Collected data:
★ ★ ★

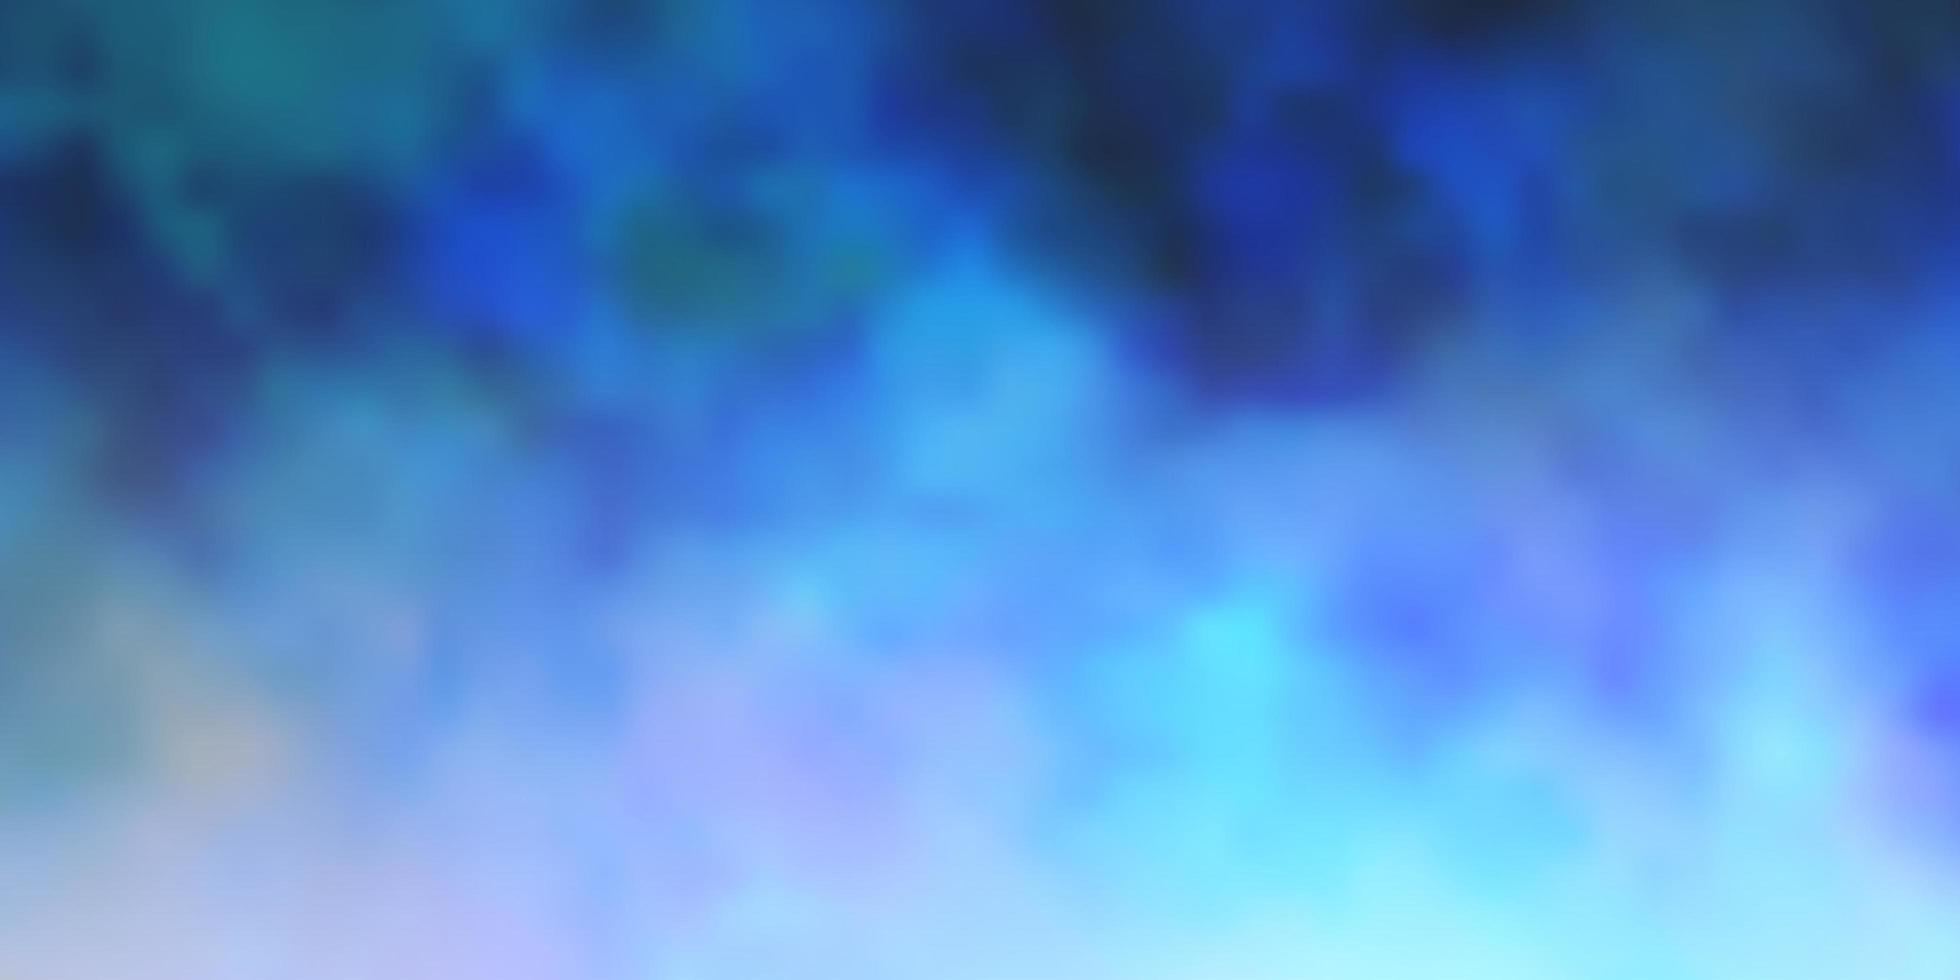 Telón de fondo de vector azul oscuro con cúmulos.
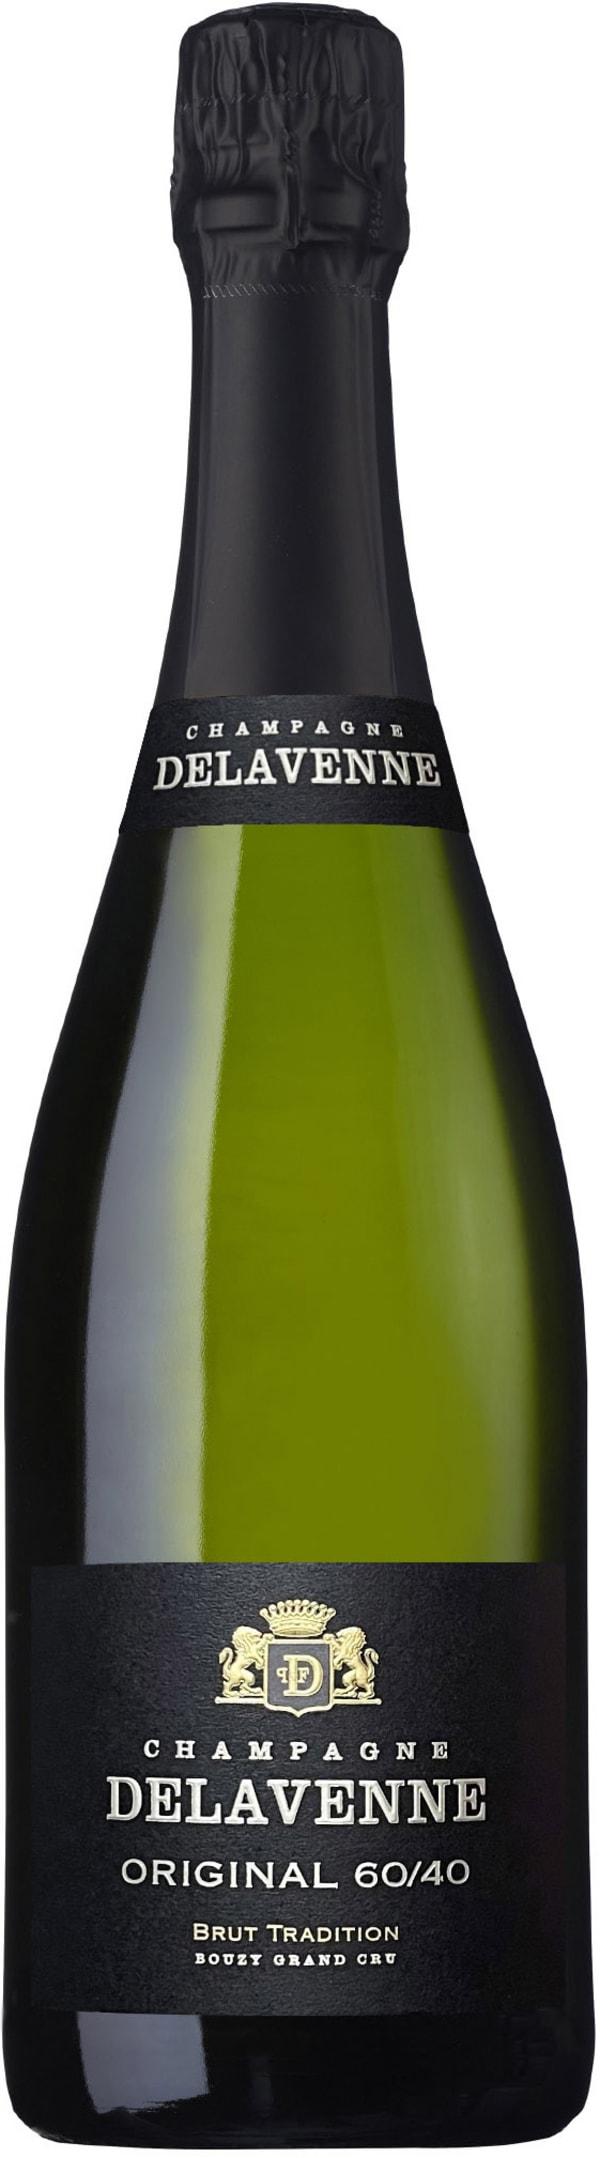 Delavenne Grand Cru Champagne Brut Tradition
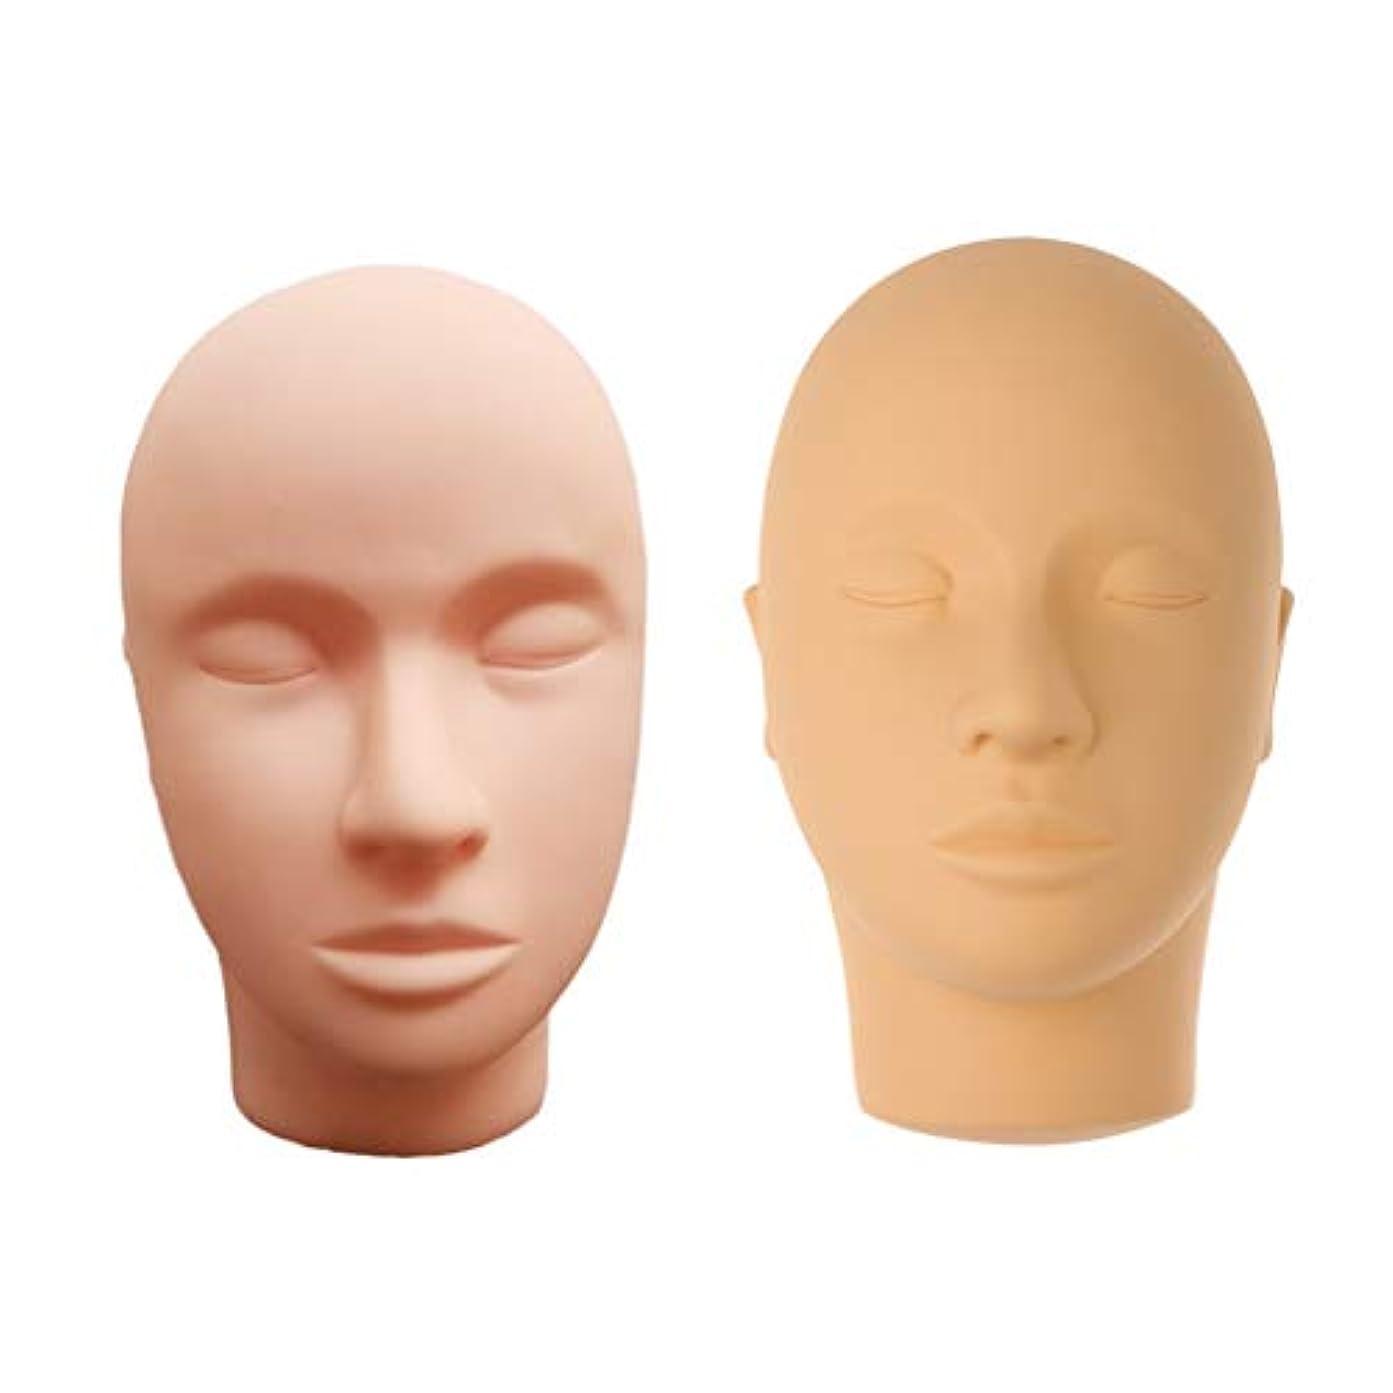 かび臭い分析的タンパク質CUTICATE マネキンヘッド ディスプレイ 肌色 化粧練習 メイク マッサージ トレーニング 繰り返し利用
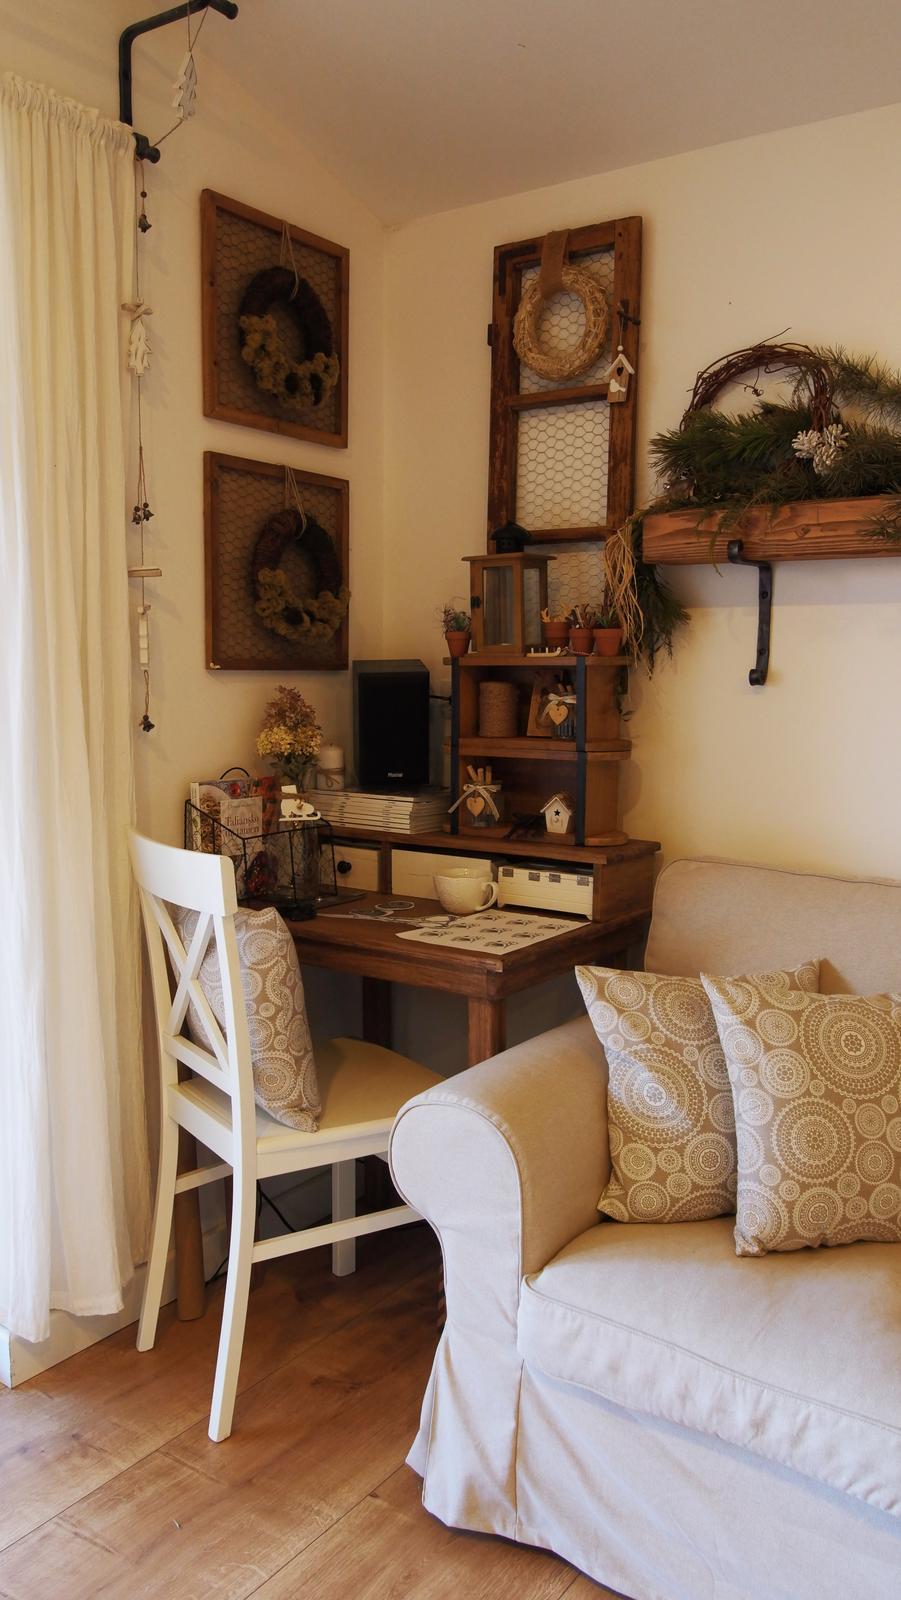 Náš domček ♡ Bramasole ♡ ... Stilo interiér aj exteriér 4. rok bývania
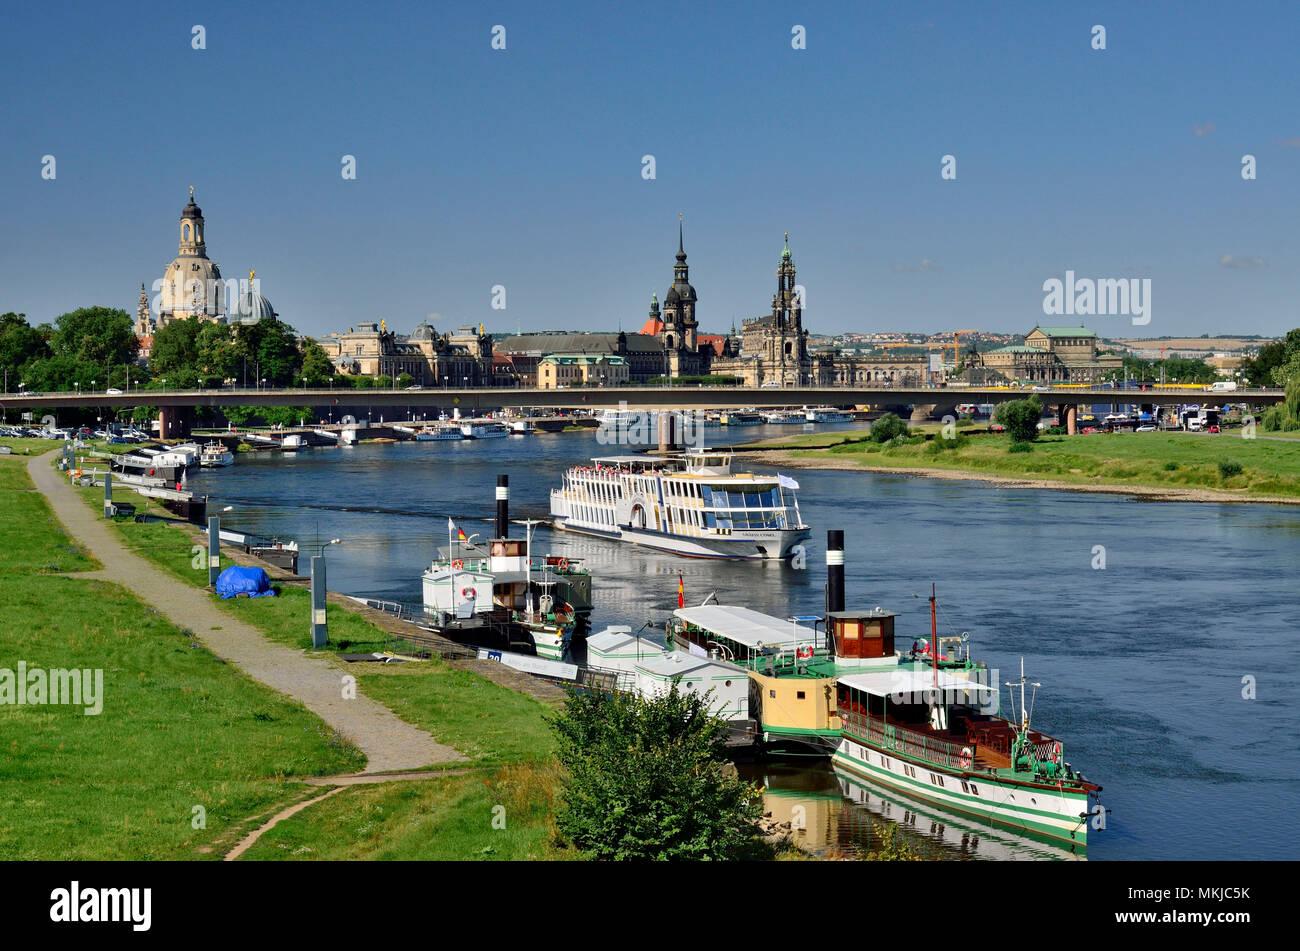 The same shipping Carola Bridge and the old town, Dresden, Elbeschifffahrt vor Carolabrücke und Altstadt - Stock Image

★ ★ ★

| Exercise directions |
From the line that holds "Náš domček ♡" to the last line of the data, return those lines exactly and nothing else; both ends count, and pictures stay out.

| Solved problem |
 Náš domček ♡ Bramasole ♡ ... Stilo interiér aj exteriér 4. rok bývania
 The same shipping Carola Bridge and the old town, Dresden, Elbeschifffahrt vor Carolabrücke und Altstadt - Stock Image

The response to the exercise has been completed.